2. The method for predicting ICU disease progression based on dynamic physiological indicators according to claim 1, wherein the screening conditions include: the deletion of data from an underage patient, deletion of data from which to enter the ICU was scheduled for admission, and deletion of data from which to enter the ICU was different.

3. The method for ICU disease progression prediction based on dynamic physiological indicators according to claim 1, wherein the data cleansing comprises the steps of:

Acquiring dynamic physiological index characteristics selected manually;

4. The method for predicting ICU disease progression based on dynamic physiological indicators according to claim 1, wherein preprocessing the initial data to obtain training data comprises:

5. The method for ICU disease progression prediction based on dynamic physiological indicators according to claim 4, wherein the digitizing process comprises: the discrete initial data is thermally encoded one-time.

6. The method of dynamic physiological index based ICU disease progression prediction according to claim 1, wherein the base model comprises ：AdaBoost Classifier、Bagging Classifier、RandomForest Classifier、ExtraTrees Classifier、GradientBoosting Classifier、LightGBM Classifier、CatBoost Classifier and XGBoost Classifier.

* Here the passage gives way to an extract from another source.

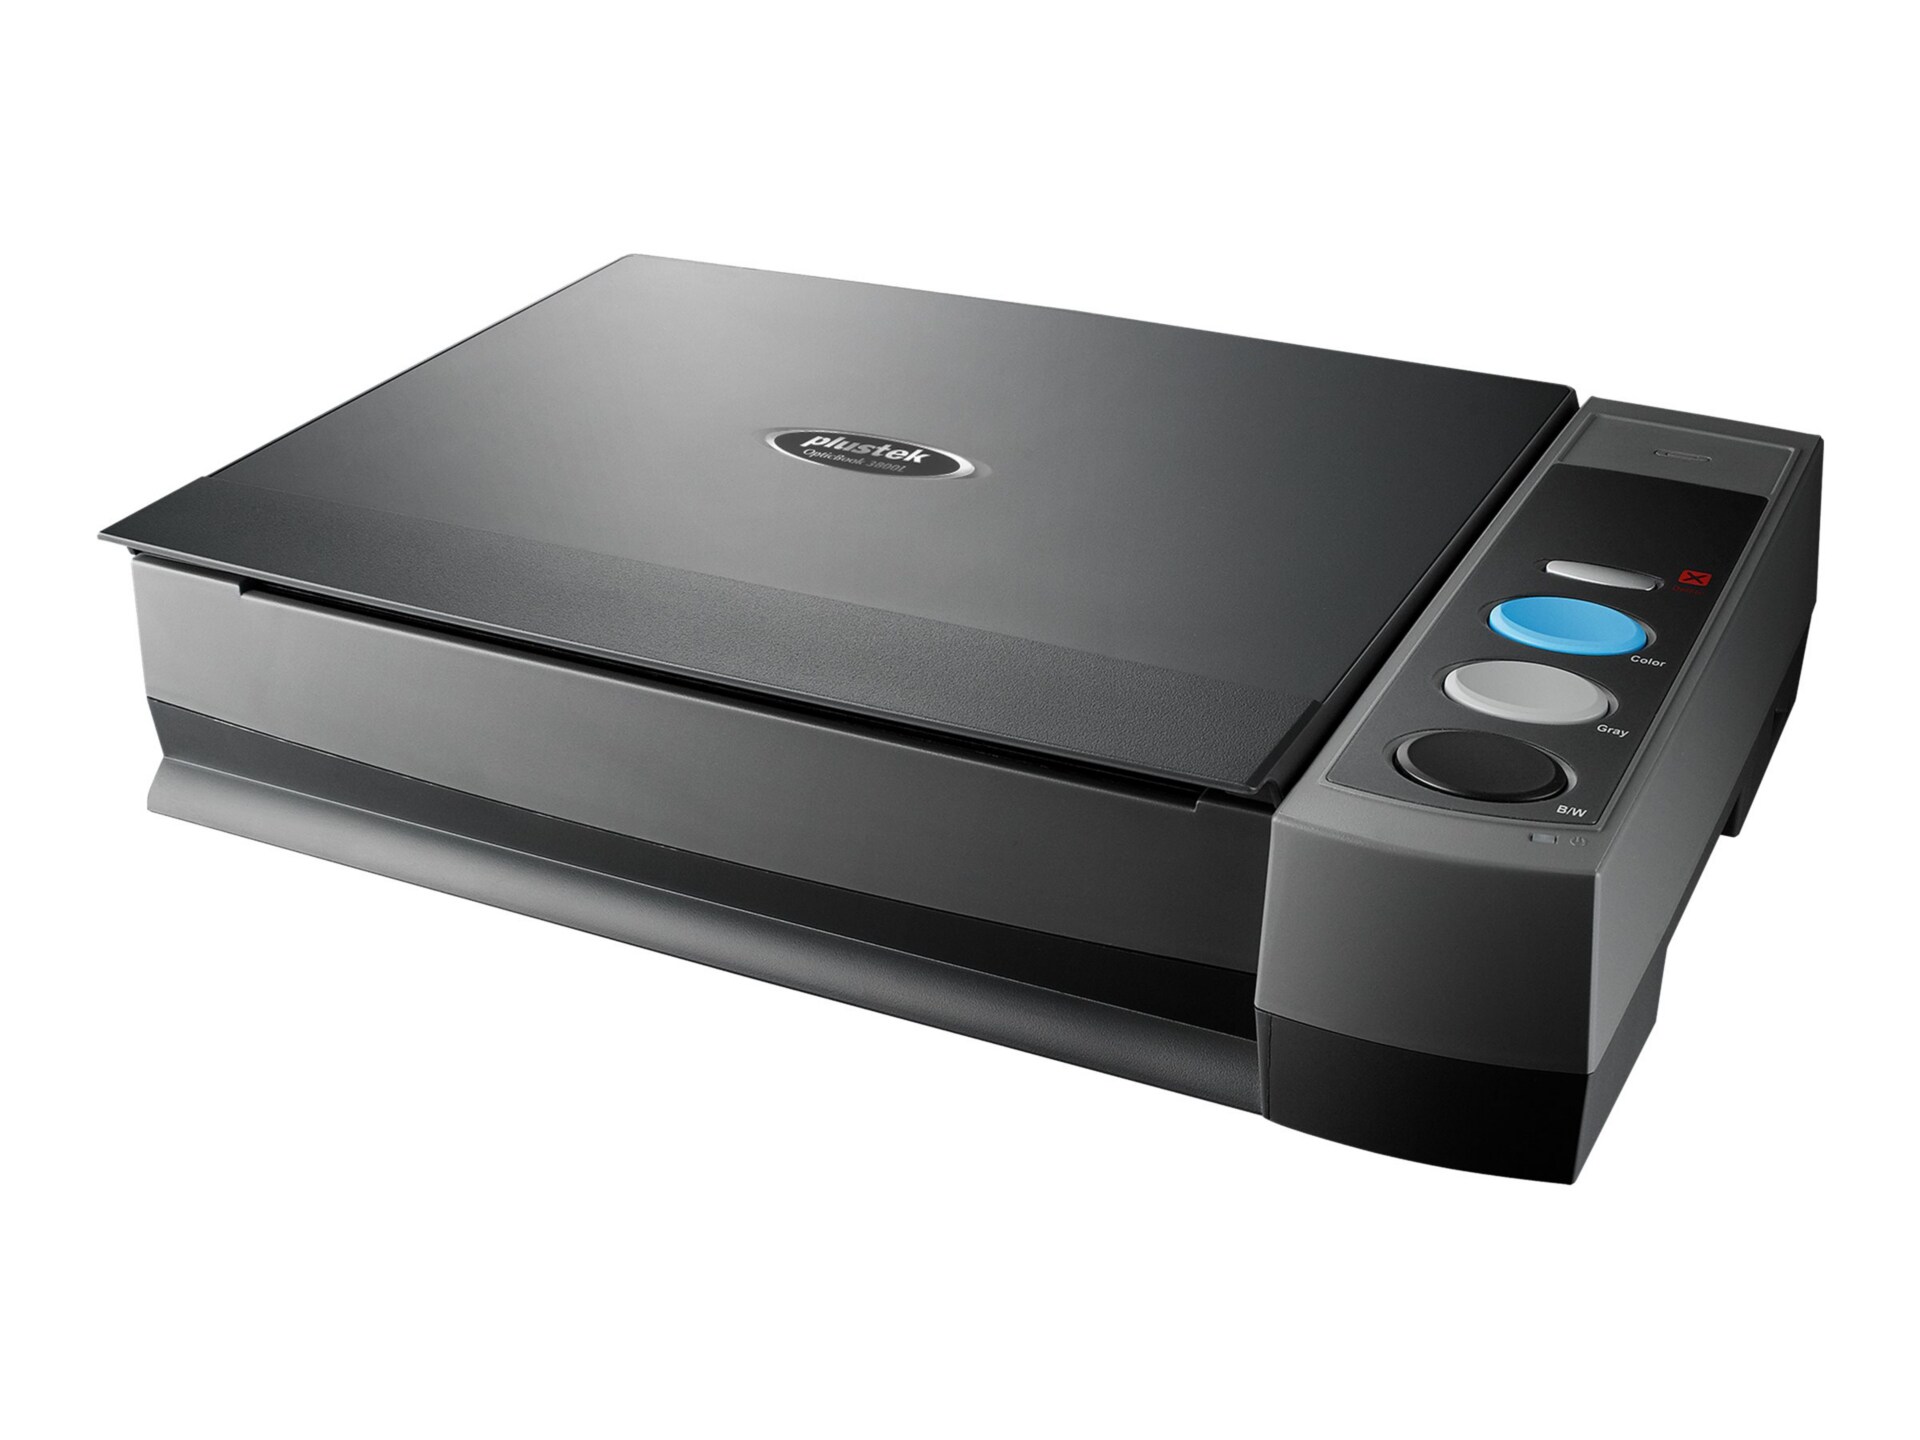 Plustek OpticBook 3800L - flatbed scanner - desktop - USB 2.0
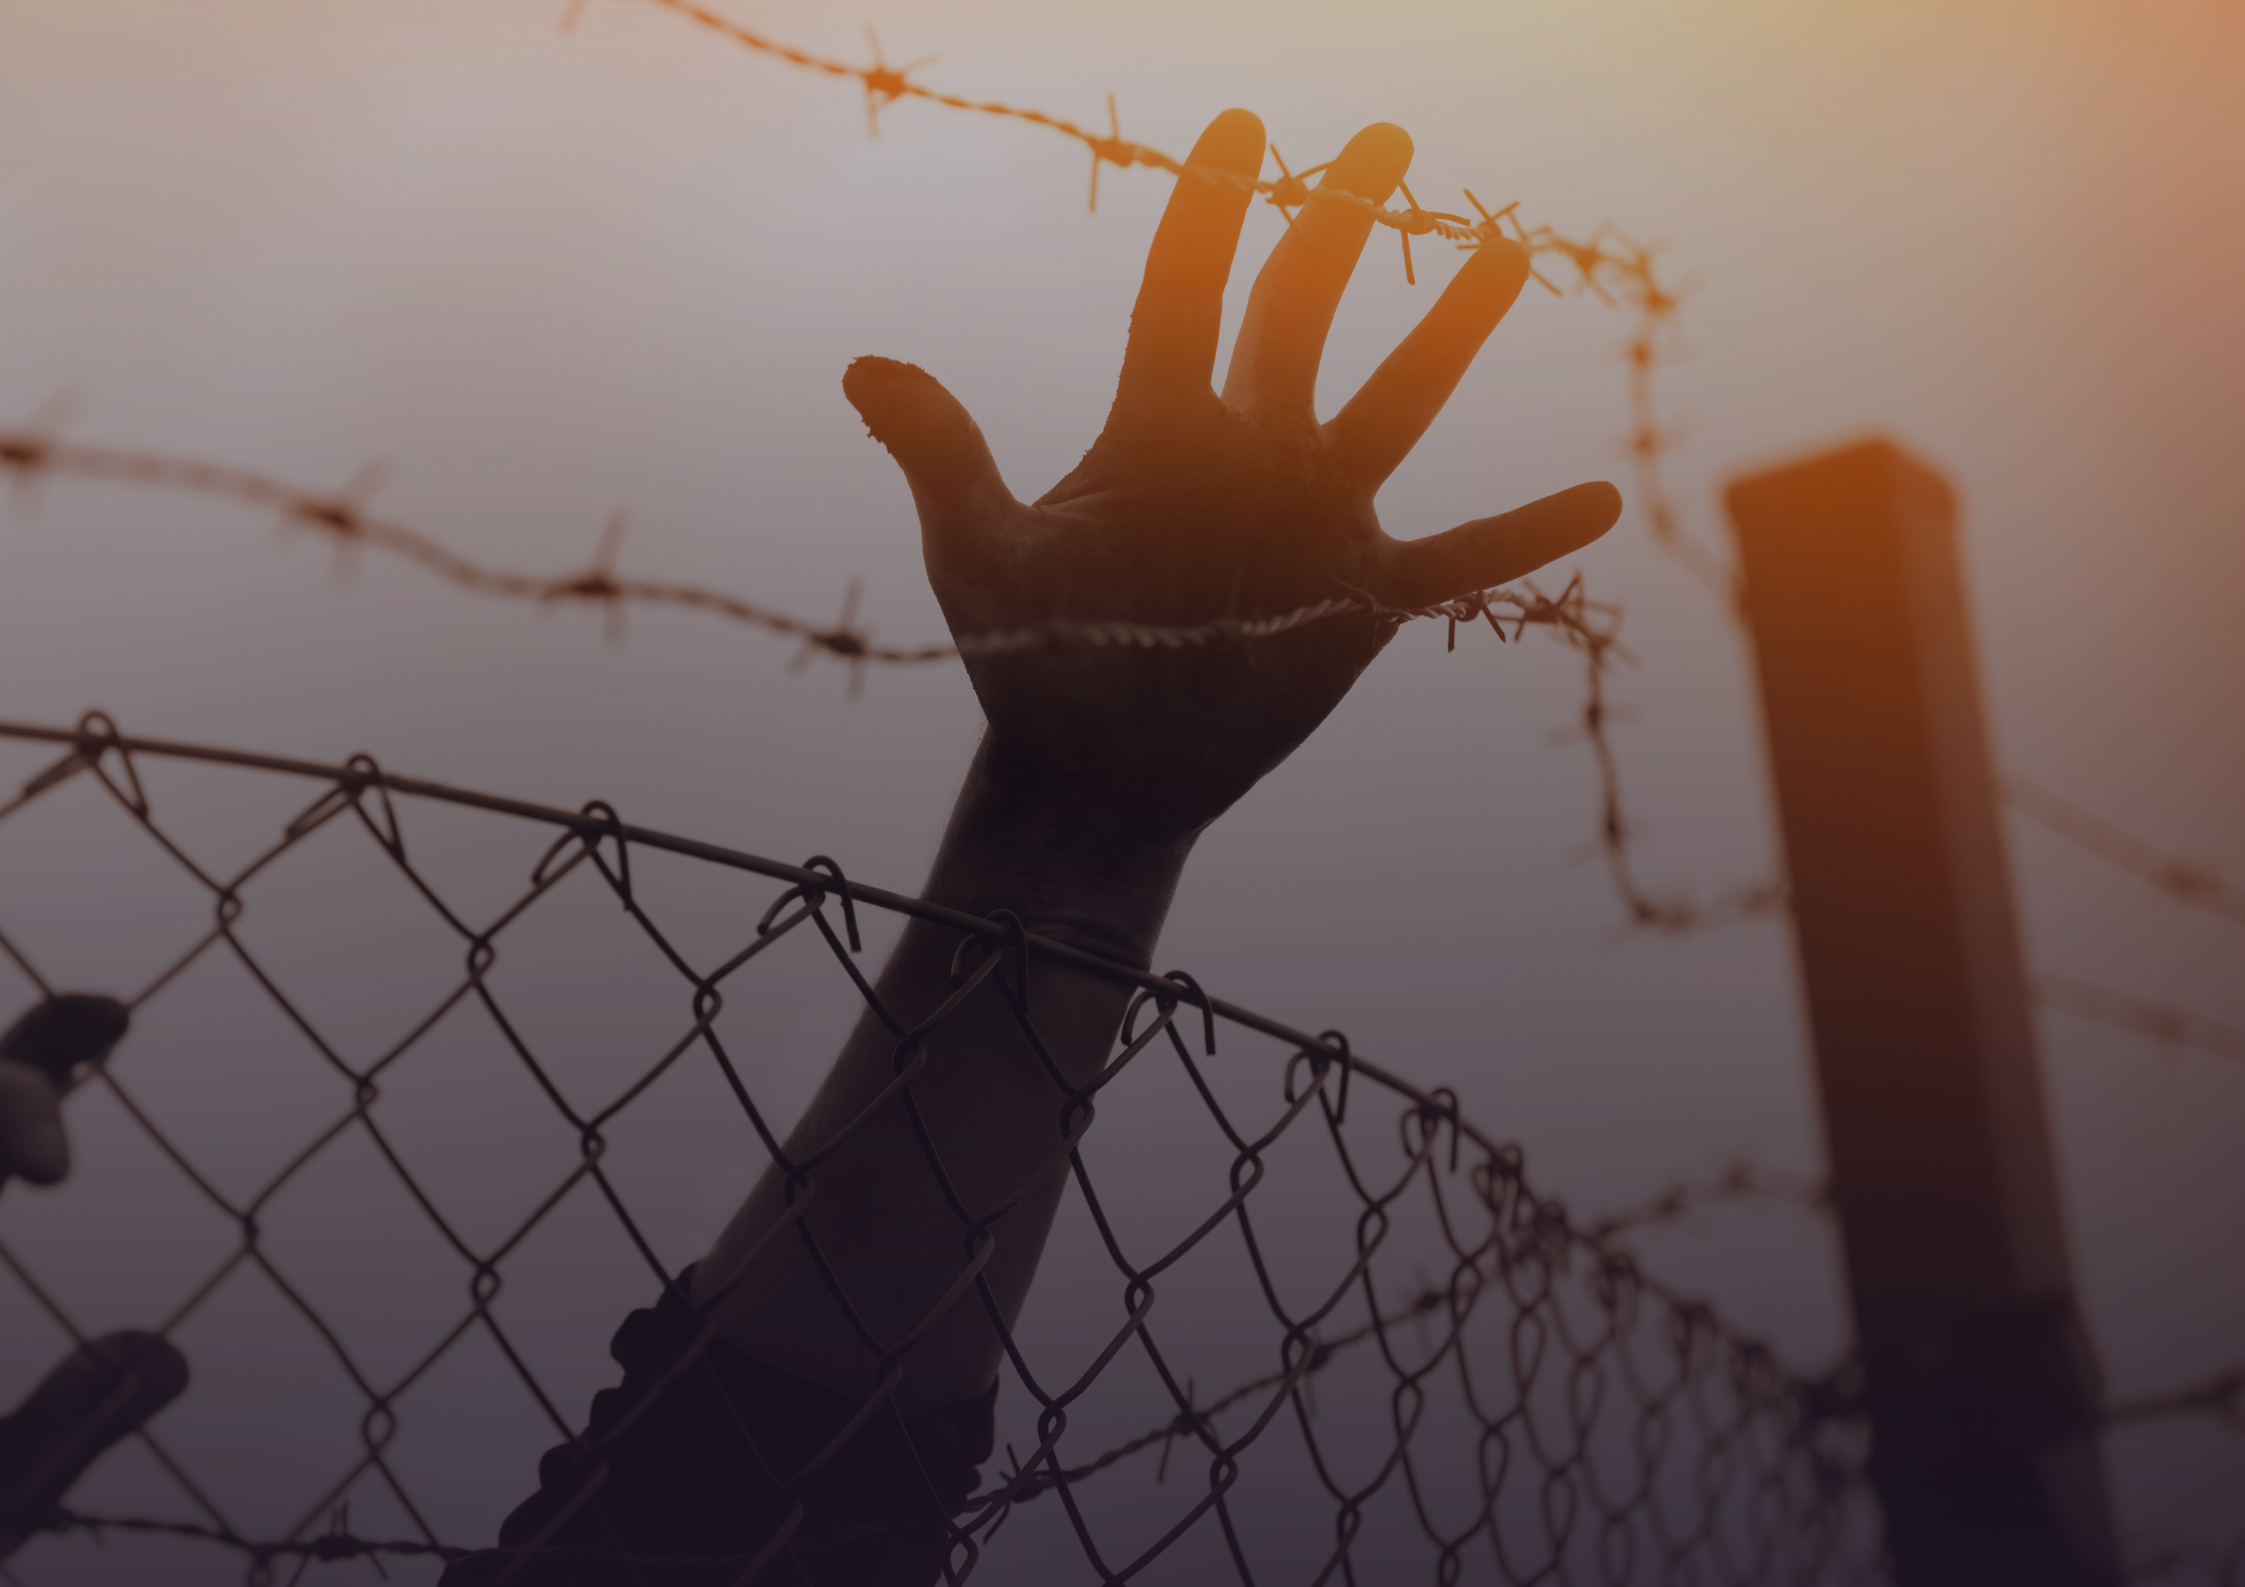 24 محتجزة إريتريين من سجن 15 مايو بحلوان لمكان غير معلوم، و إبلاغ ذويهم بعمل فحص كورونا لهم تمهيدا لترحيلهم قسرا Poster Landscape 1

7. The method for ICU disease progression prediction based on dynamic physiological indicators according to claim 1, wherein the raw signature information comprises survival or death.

8. An ICU disease progression prediction system based on dynamic physiological indicators, comprising:

9. A computer readable storage medium having stored thereon a computer program, wherein the computer program when executed by a processor implements the dynamic physiological indicator based ICU disease progression prediction method of any one of claims 1 to 7.

10. A storage device comprising a storage medium storing a computer program and a processor, wherein the processor, when executing the computer program, implements the dynamic physiological index based ICU disease progression prediction method of any one of claims 1 to 7.